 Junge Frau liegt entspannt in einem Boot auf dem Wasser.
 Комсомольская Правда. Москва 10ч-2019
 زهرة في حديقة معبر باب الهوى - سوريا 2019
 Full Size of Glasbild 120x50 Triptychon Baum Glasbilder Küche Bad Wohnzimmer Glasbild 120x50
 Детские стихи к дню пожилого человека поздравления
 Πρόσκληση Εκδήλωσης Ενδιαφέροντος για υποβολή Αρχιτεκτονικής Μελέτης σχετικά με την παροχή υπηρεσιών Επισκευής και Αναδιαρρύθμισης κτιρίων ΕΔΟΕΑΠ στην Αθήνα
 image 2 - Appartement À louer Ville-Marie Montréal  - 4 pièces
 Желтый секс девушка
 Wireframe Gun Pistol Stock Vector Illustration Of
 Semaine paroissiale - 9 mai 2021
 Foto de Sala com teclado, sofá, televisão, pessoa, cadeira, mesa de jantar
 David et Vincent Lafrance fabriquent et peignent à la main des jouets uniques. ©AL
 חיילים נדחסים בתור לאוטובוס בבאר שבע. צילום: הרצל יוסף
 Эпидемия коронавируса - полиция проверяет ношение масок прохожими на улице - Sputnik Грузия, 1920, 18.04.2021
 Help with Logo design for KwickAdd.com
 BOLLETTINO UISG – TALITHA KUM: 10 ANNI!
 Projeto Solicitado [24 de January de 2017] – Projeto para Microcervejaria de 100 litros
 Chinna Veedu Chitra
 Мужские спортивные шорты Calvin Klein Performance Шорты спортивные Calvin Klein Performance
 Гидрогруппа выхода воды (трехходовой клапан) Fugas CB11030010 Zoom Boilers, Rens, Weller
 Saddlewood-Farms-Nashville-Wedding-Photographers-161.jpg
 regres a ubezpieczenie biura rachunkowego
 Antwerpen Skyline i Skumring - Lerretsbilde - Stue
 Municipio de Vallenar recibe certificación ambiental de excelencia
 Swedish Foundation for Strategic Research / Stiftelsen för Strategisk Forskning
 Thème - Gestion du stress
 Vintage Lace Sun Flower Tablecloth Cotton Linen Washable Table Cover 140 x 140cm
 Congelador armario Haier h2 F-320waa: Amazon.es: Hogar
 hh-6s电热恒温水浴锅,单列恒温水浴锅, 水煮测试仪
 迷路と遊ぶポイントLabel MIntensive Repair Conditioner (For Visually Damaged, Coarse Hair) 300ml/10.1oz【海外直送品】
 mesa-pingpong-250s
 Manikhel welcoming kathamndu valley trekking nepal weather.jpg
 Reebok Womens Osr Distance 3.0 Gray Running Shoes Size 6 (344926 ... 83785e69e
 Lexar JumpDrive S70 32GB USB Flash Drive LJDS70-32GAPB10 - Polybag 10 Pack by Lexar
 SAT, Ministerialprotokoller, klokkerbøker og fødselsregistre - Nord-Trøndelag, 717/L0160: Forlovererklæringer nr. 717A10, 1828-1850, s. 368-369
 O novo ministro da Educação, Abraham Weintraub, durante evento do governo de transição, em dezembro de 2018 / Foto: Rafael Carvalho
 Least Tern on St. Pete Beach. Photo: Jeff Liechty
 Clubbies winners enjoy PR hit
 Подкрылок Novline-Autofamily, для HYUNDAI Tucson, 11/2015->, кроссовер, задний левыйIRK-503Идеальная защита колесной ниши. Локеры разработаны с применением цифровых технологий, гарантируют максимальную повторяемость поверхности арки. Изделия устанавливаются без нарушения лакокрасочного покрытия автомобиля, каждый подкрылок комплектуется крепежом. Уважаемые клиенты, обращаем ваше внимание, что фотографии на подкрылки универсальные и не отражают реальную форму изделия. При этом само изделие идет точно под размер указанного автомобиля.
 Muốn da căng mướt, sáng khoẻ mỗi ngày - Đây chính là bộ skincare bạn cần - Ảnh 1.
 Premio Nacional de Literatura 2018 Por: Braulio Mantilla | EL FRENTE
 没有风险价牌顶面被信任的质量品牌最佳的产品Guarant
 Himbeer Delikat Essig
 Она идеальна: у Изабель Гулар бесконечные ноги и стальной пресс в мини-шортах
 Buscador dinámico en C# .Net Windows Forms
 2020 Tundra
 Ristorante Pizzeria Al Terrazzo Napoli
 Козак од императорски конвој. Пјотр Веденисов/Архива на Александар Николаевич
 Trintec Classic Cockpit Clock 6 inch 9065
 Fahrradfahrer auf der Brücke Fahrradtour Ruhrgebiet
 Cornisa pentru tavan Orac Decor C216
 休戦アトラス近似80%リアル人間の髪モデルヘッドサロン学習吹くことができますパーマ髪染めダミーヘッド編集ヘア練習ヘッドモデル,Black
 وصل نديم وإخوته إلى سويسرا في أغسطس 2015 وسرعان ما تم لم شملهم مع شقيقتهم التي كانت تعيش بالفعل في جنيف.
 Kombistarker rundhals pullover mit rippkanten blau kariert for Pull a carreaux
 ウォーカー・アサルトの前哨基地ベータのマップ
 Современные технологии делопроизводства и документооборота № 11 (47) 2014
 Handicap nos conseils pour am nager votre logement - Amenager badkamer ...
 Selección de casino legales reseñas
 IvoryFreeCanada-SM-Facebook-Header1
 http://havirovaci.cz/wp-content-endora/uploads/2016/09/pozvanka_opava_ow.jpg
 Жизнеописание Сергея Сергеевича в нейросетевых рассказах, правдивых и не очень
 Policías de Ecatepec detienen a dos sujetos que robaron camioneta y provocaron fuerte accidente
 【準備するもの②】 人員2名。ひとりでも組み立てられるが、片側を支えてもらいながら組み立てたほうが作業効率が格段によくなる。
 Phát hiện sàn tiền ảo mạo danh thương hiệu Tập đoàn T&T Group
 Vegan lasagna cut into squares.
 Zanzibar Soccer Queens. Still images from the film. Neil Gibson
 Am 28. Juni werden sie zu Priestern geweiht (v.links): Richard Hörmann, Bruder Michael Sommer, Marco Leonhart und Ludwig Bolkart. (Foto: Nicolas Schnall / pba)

※ ※ ※

Starting with the first line of the data above, copy each line exactly until you reach the line with "Manikhel welcoming kathamndu"; include that line as well.

▶ **Task response**
 Junge Frau liegt entspannt in einem Boot auf dem Wasser.
 Комсомольская Правда. Москва 10ч-2019
 زهرة في حديقة معبر باب الهوى - سوريا 2019
 Full Size of Glasbild 120x50 Triptychon Baum Glasbilder Küche Bad Wohnzimmer Glasbild 120x50
 Детские стихи к дню пожилого человека поздравления
 Πρόσκληση Εκδήλωσης Ενδιαφέροντος για υποβολή Αρχιτεκτονικής Μελέτης σχετικά με την παροχή υπηρεσιών Επισκευής και Αναδιαρρύθμισης κτιρίων ΕΔΟΕΑΠ στην Αθήνα
 image 2 - Appartement À louer Ville-Marie Montréal  - 4 pièces
 Желтый секс девушка
 Wireframe Gun Pistol Stock Vector Illustration Of
 Semaine paroissiale - 9 mai 2021
 Foto de Sala com teclado, sofá, televisão, pessoa, cadeira, mesa de jantar
 David et Vincent Lafrance fabriquent et peignent à la main des jouets uniques. ©AL
 חיילים נדחסים בתור לאוטובוס בבאר שבע. צילום: הרצל יוסף
 Эпидемия коронавируса - полиция проверяет ношение масок прохожими на улице - Sputnik Грузия, 1920, 18.04.2021
 Help with Logo design for KwickAdd.com
 BOLLETTINO UISG – TALITHA KUM: 10 ANNI!
 Projeto Solicitado [24 de January de 2017] – Projeto para Microcervejaria de 100 litros
 Chinna Veedu Chitra
 Мужские спортивные шорты Calvin Klein Performance Шорты спортивные Calvin Klein Performance
 Гидрогруппа выхода воды (трехходовой клапан) Fugas CB11030010 Zoom Boilers, Rens, Weller
 Saddlewood-Farms-Nashville-Wedding-Photographers-161.jpg
 regres a ubezpieczenie biura rachunkowego
 Antwerpen Skyline i Skumring - Lerretsbilde - Stue
 Municipio de Vallenar recibe certificación ambiental de excelencia
 Swedish Foundation for Strategic Research / Stiftelsen för Strategisk Forskning
 Thème - Gestion du stress
 Vintage Lace Sun Flower Tablecloth Cotton Linen Washable Table Cover 140 x 140cm
 Congelador armario Haier h2 F-320waa: Amazon.es: Hogar
 hh-6s电热恒温水浴锅,单列恒温水浴锅, 水煮测试仪
 迷路と遊ぶポイントLabel MIntensive Repair Conditioner (For Visually Damaged, Coarse Hair) 300ml/10.1oz【海外直送品】
 mesa-pingpong-250s
 Manikhel welcoming kathamndu valley trekking nepal weather.jpg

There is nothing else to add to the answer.